About this exercise: Beginning with the line below that contains "Israel Minister of" and ending with the line that contains "Magicfly Airbrush Paint, 16", copy every line exactly. Copy nothing else.

Task inputs:
________________________________________

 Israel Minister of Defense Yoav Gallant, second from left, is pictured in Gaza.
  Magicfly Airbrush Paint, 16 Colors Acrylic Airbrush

________________________________________

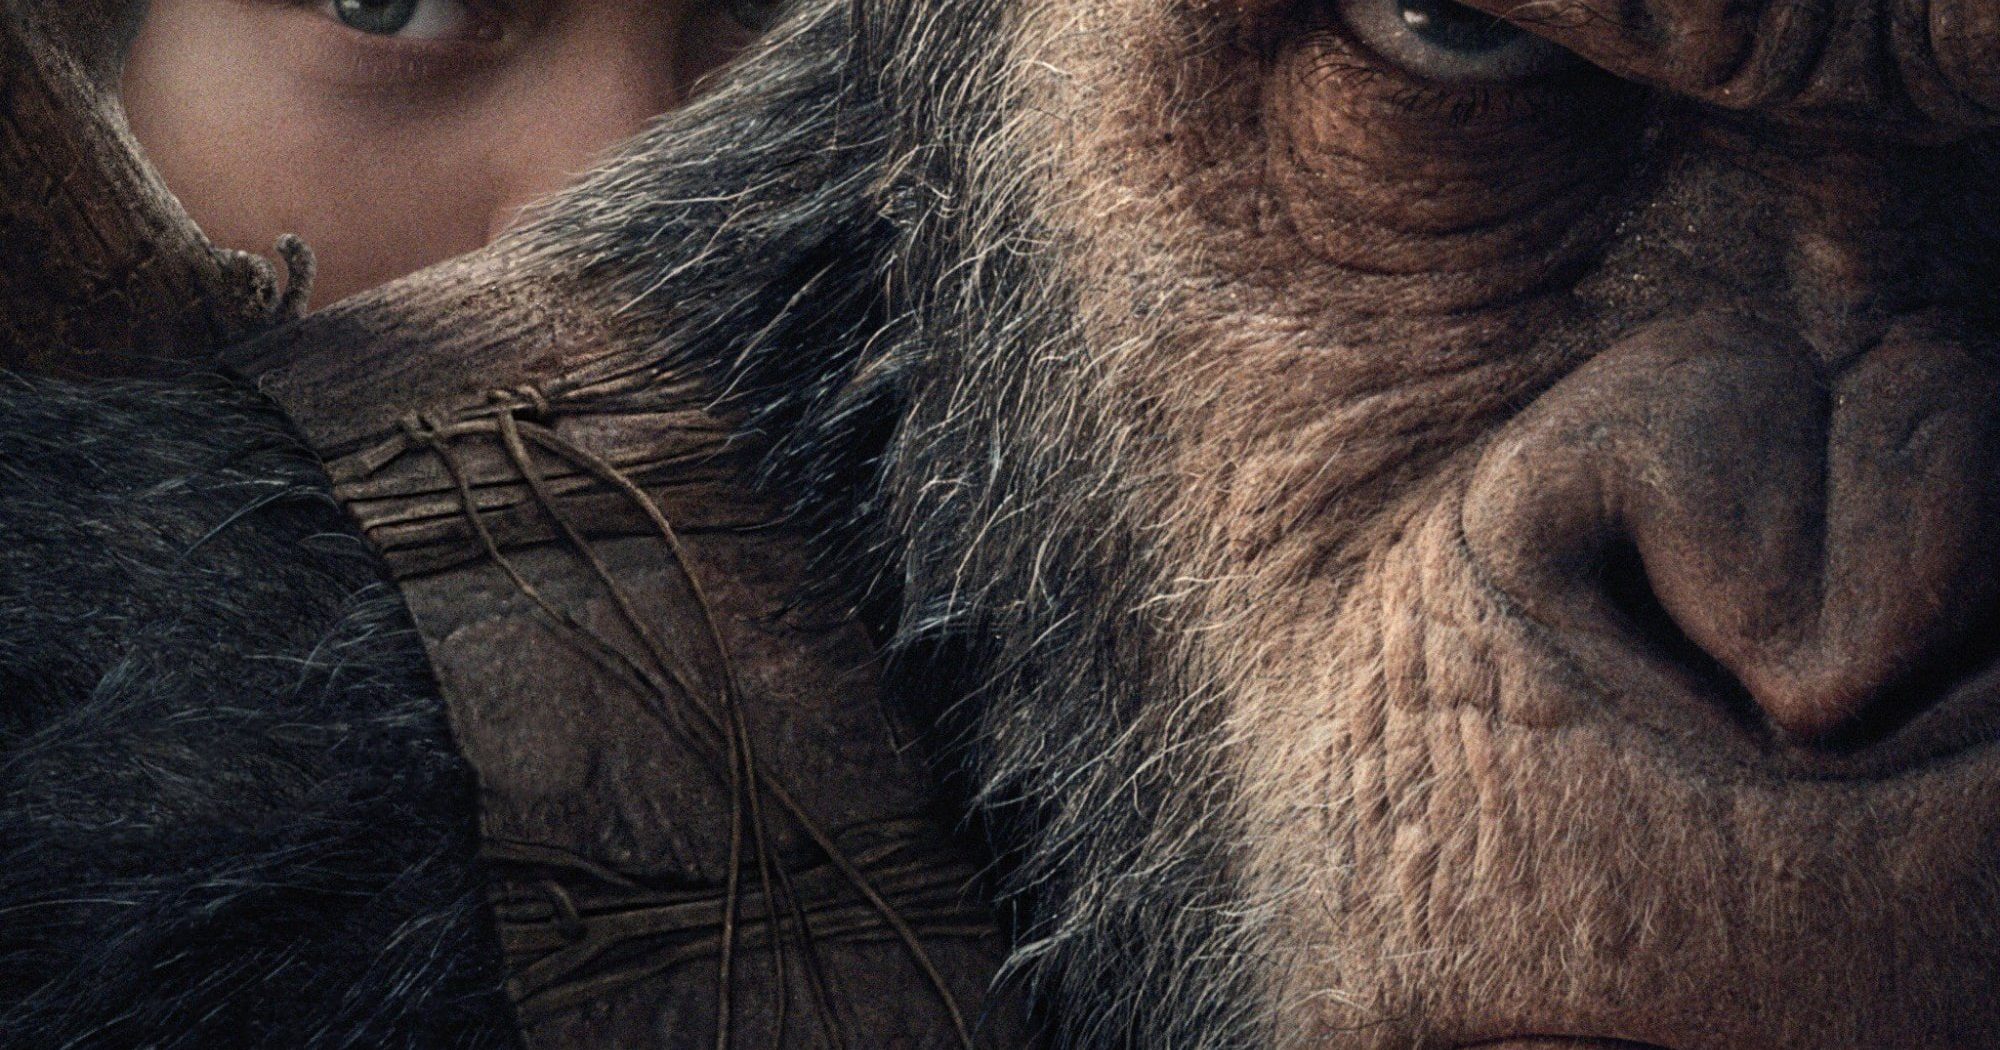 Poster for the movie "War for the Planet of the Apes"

________________________________________

Completed task:
 Israel Minister of Defense Yoav Gallant, second from left, is pictured in Gaza.
  Magicfly Airbrush Paint, 16 Colors Acrylic Airbrush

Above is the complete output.